| Task goal |
Go to the line below that contains "Assim, qualquer esclarecimento". From there to the end of the records, reproduce each line exactly, except the pictures.

| Given records |
+-------+

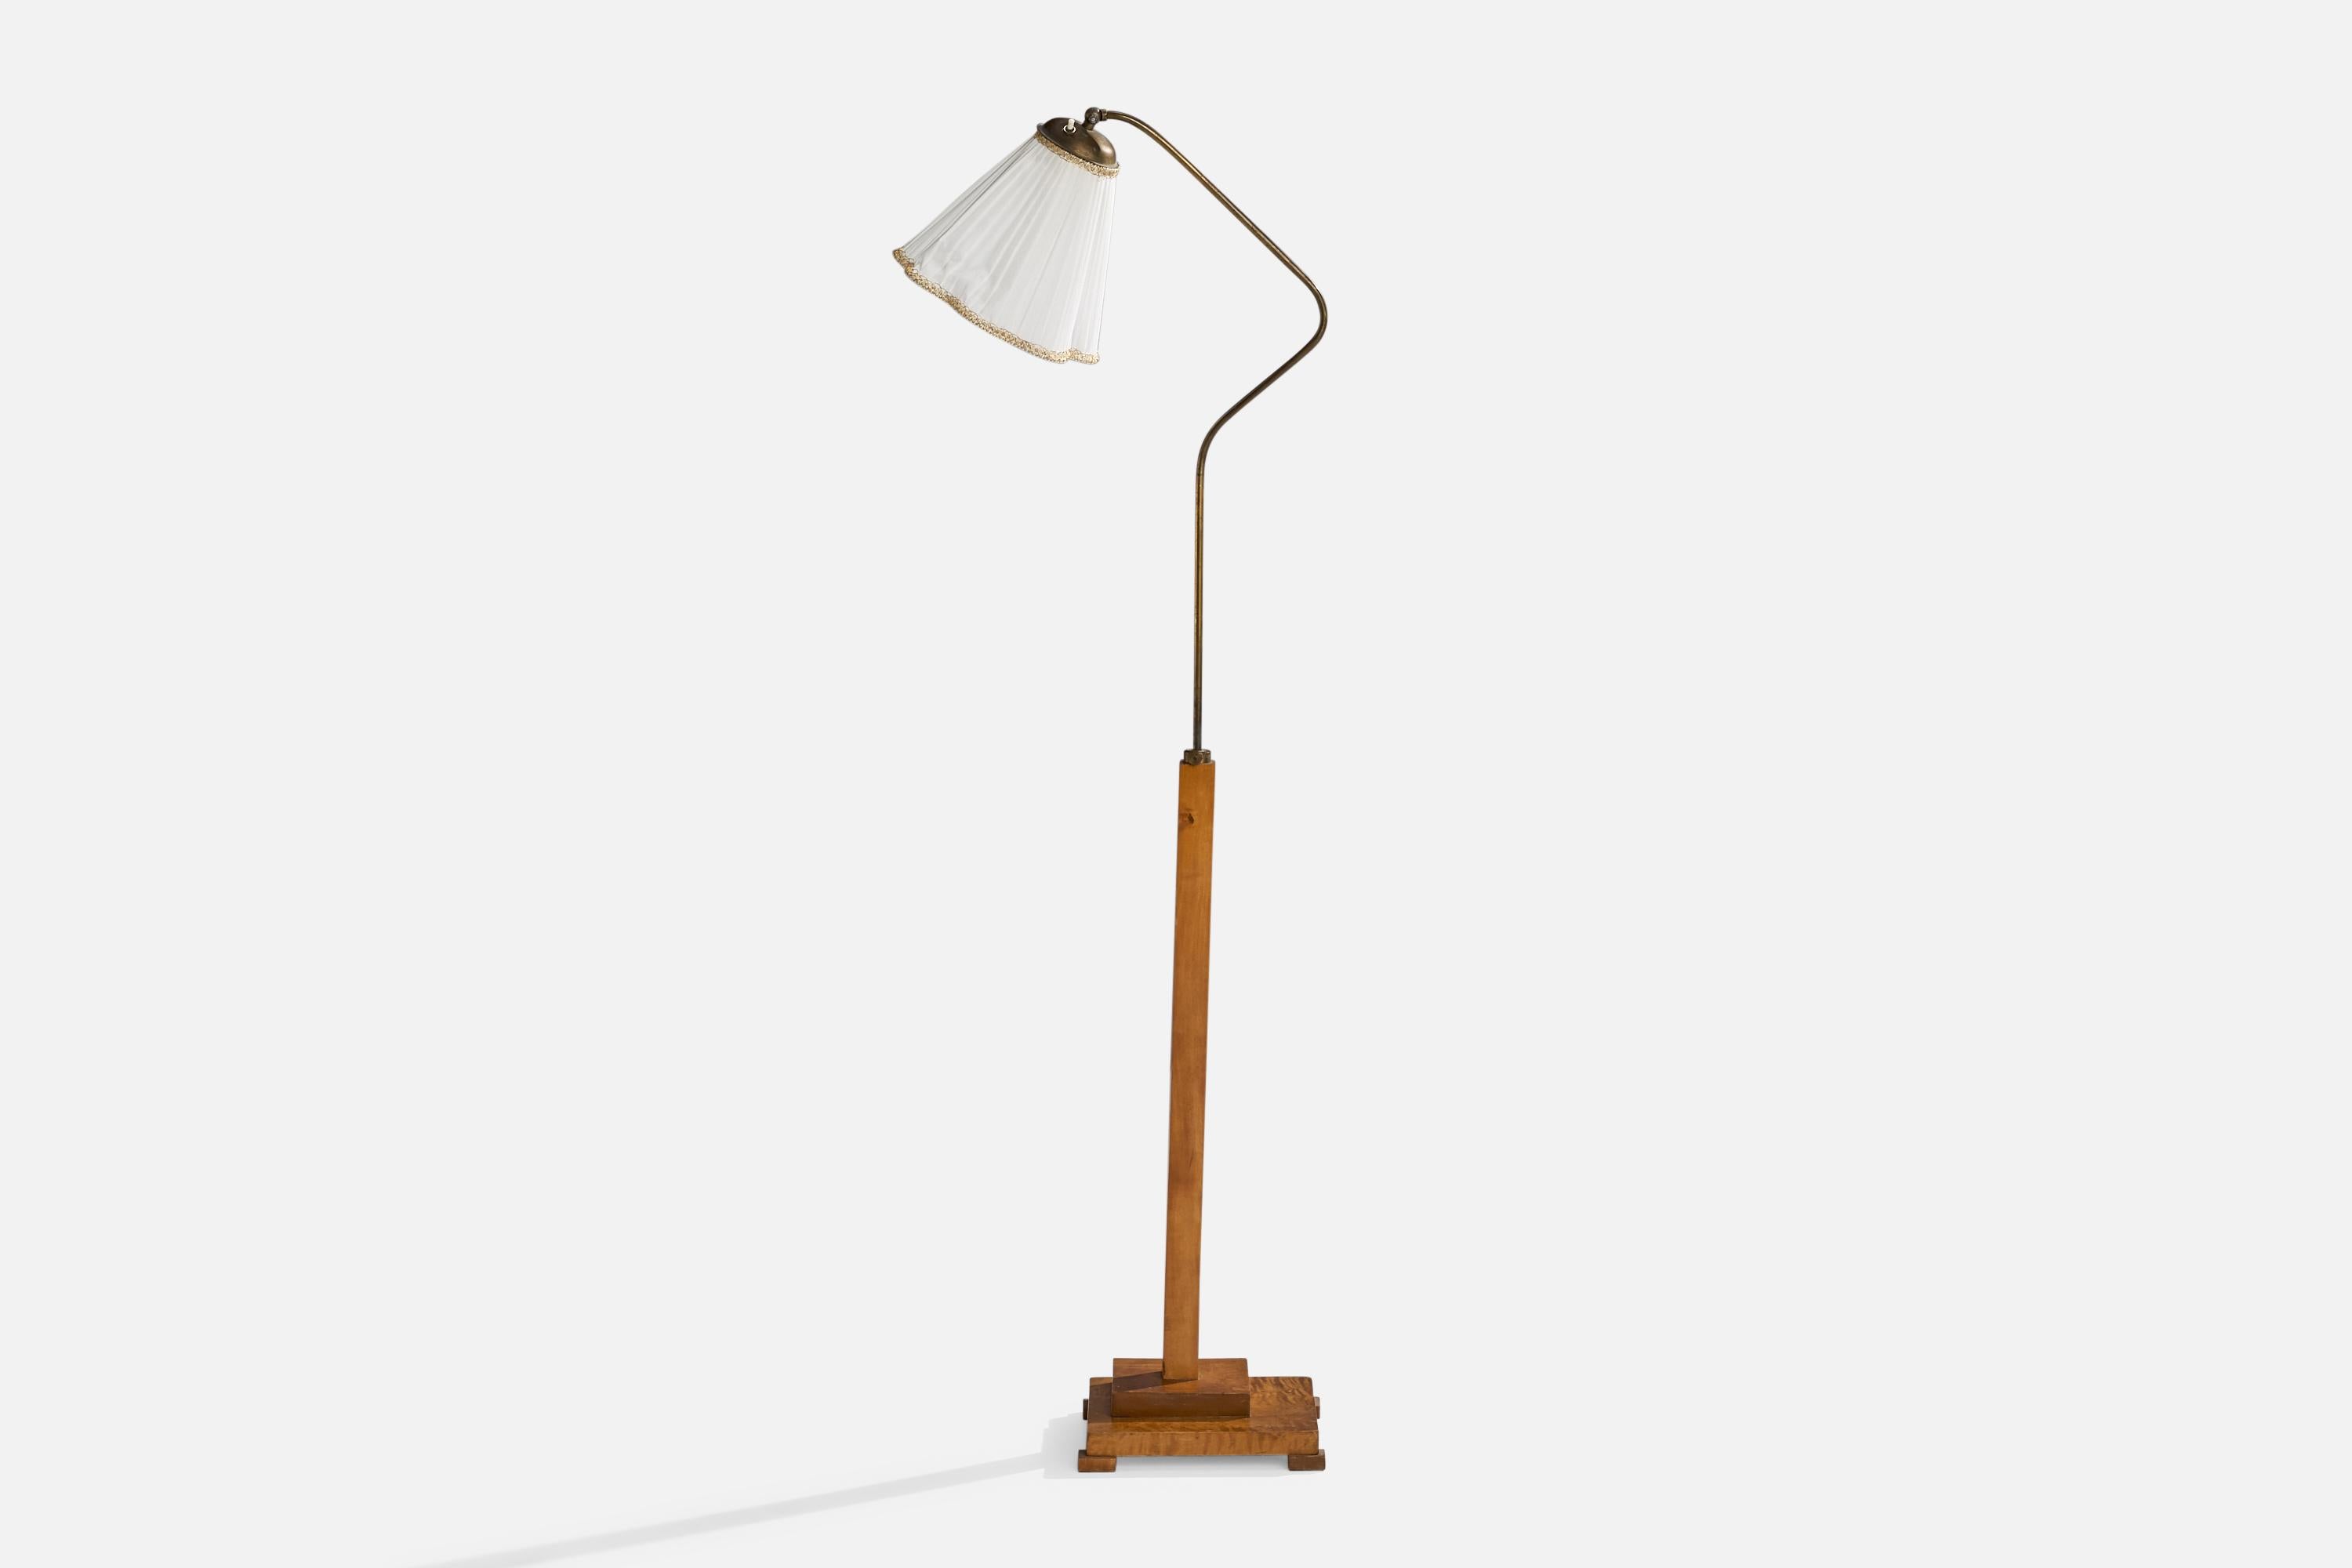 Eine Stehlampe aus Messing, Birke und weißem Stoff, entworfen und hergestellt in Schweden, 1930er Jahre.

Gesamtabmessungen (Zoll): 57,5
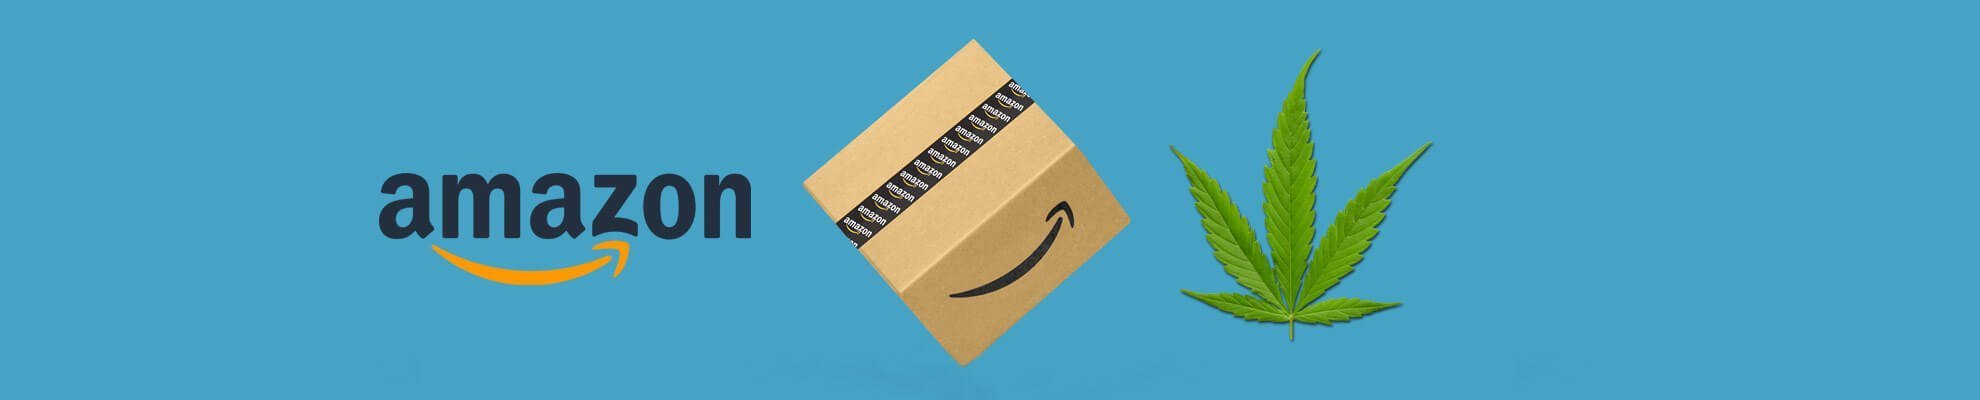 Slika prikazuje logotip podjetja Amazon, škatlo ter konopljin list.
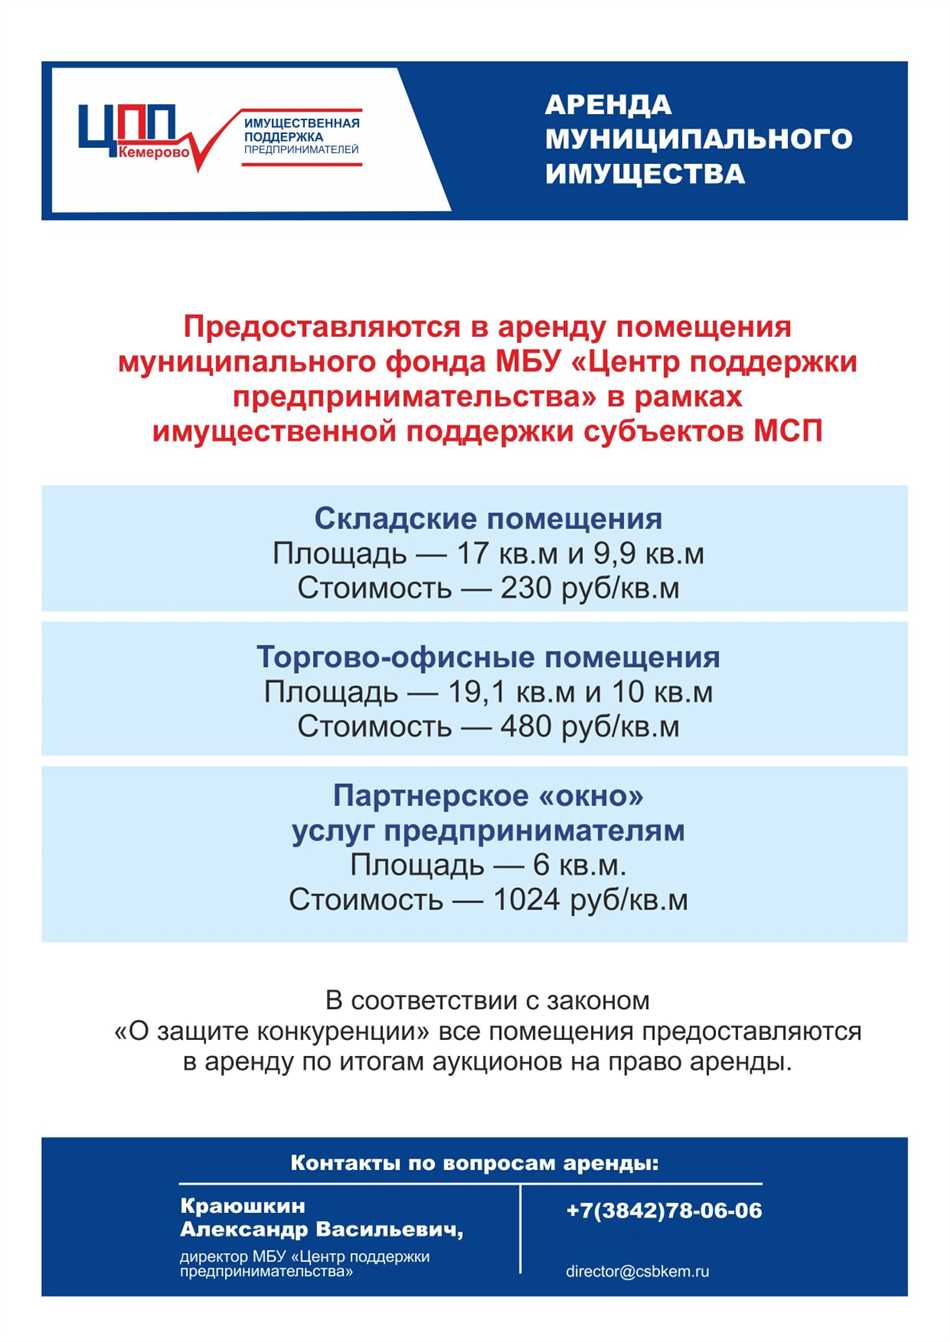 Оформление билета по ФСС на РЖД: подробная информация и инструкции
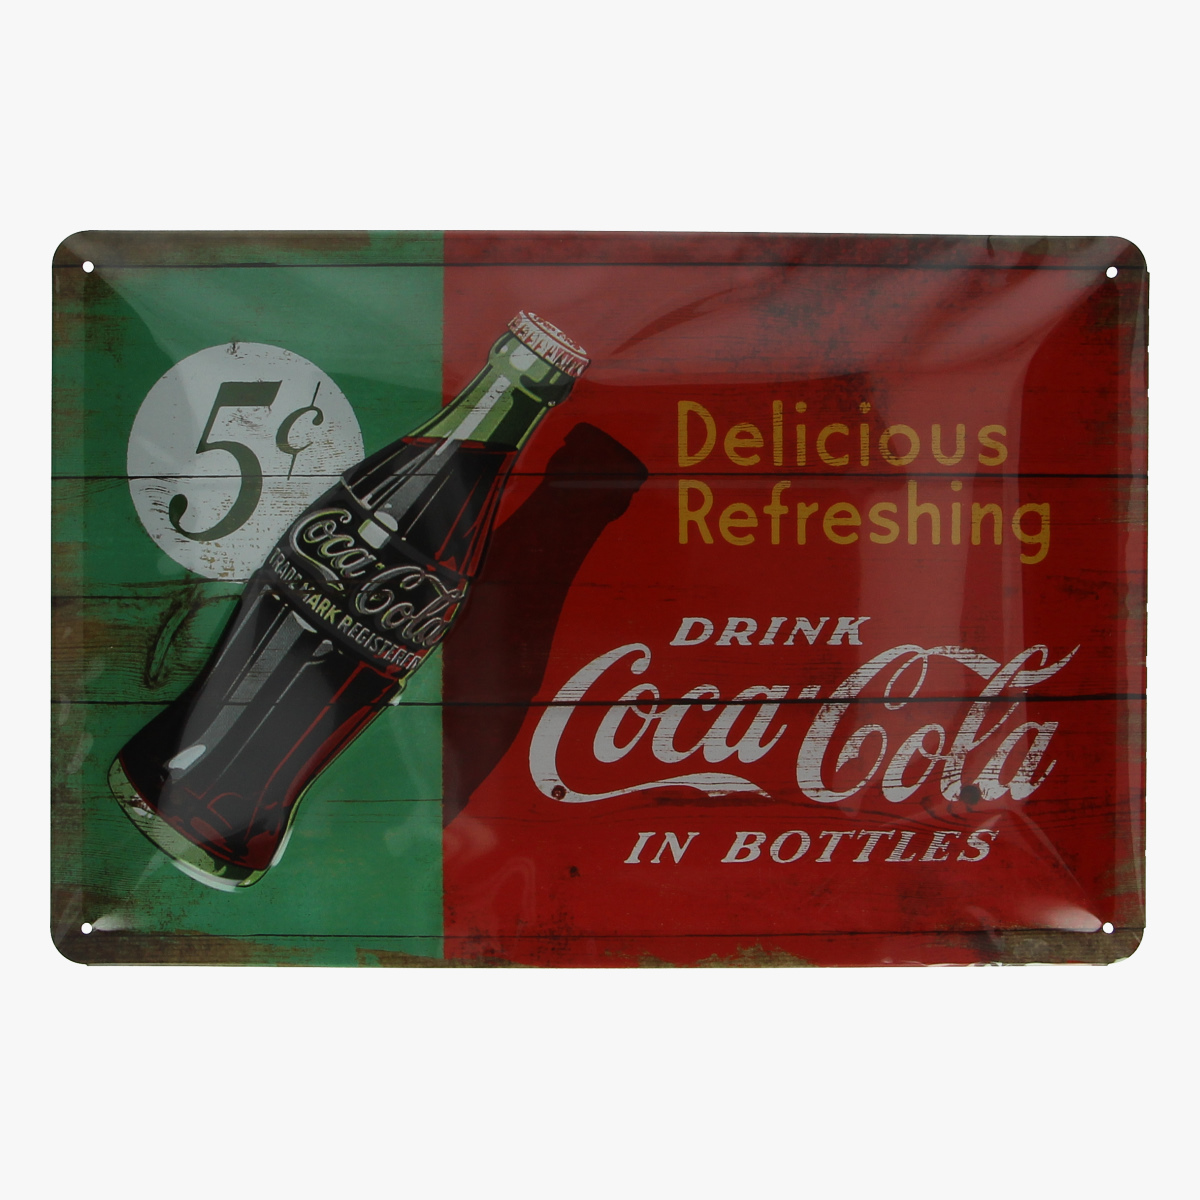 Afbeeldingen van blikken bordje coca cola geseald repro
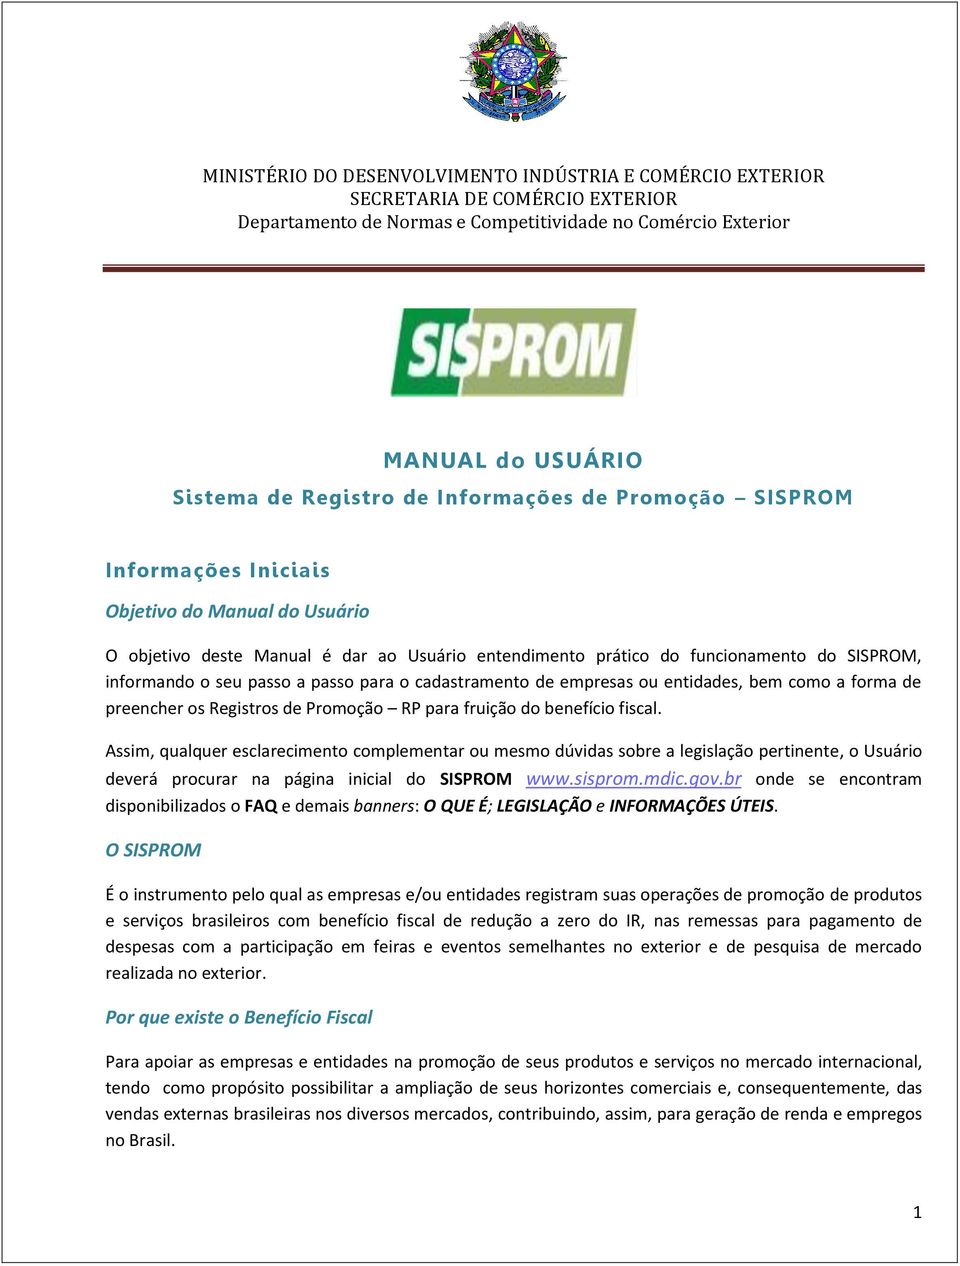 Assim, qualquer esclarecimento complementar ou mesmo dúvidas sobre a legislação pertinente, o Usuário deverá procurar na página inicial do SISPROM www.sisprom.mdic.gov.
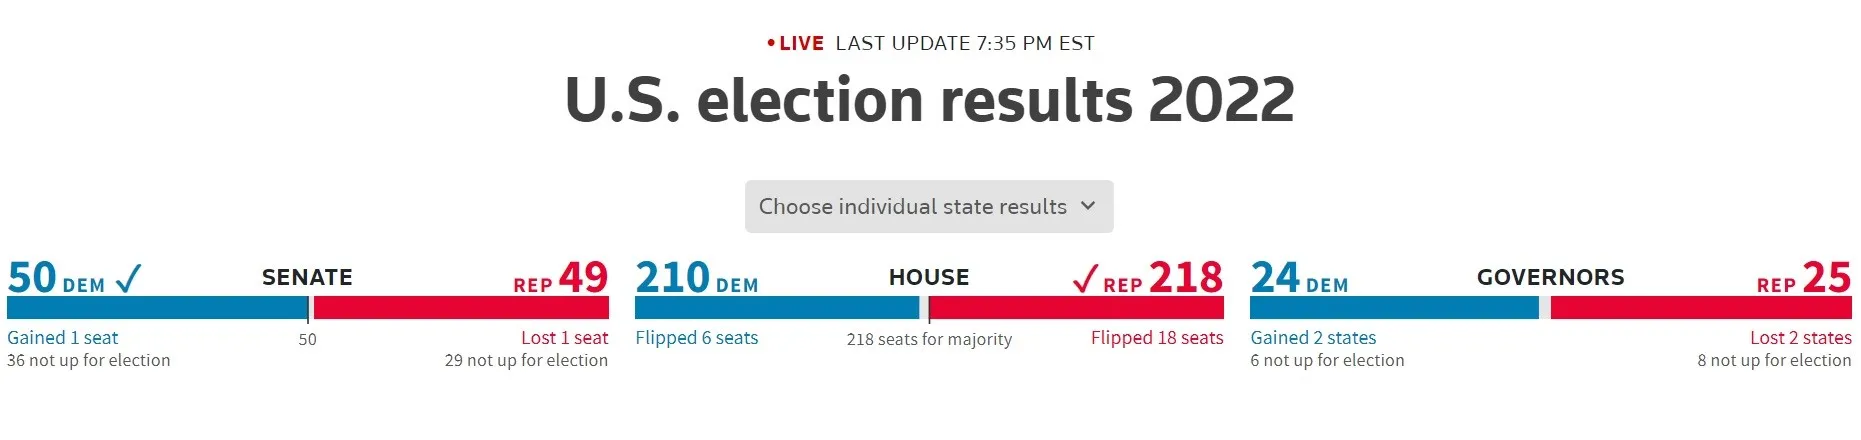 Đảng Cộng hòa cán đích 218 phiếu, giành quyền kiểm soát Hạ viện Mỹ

+-------+

| Result below |
 Assim, qualquer esclarecimento complementar ou mesmo dúvidas sobre a legislação pertinente, o Usuário deverá procurar na página inicial do SISPROM www.sisprom.mdic.gov.
 Đảng Cộng hòa cán đích 218 phiếu, giành quyền kiểm soát Hạ viện Mỹ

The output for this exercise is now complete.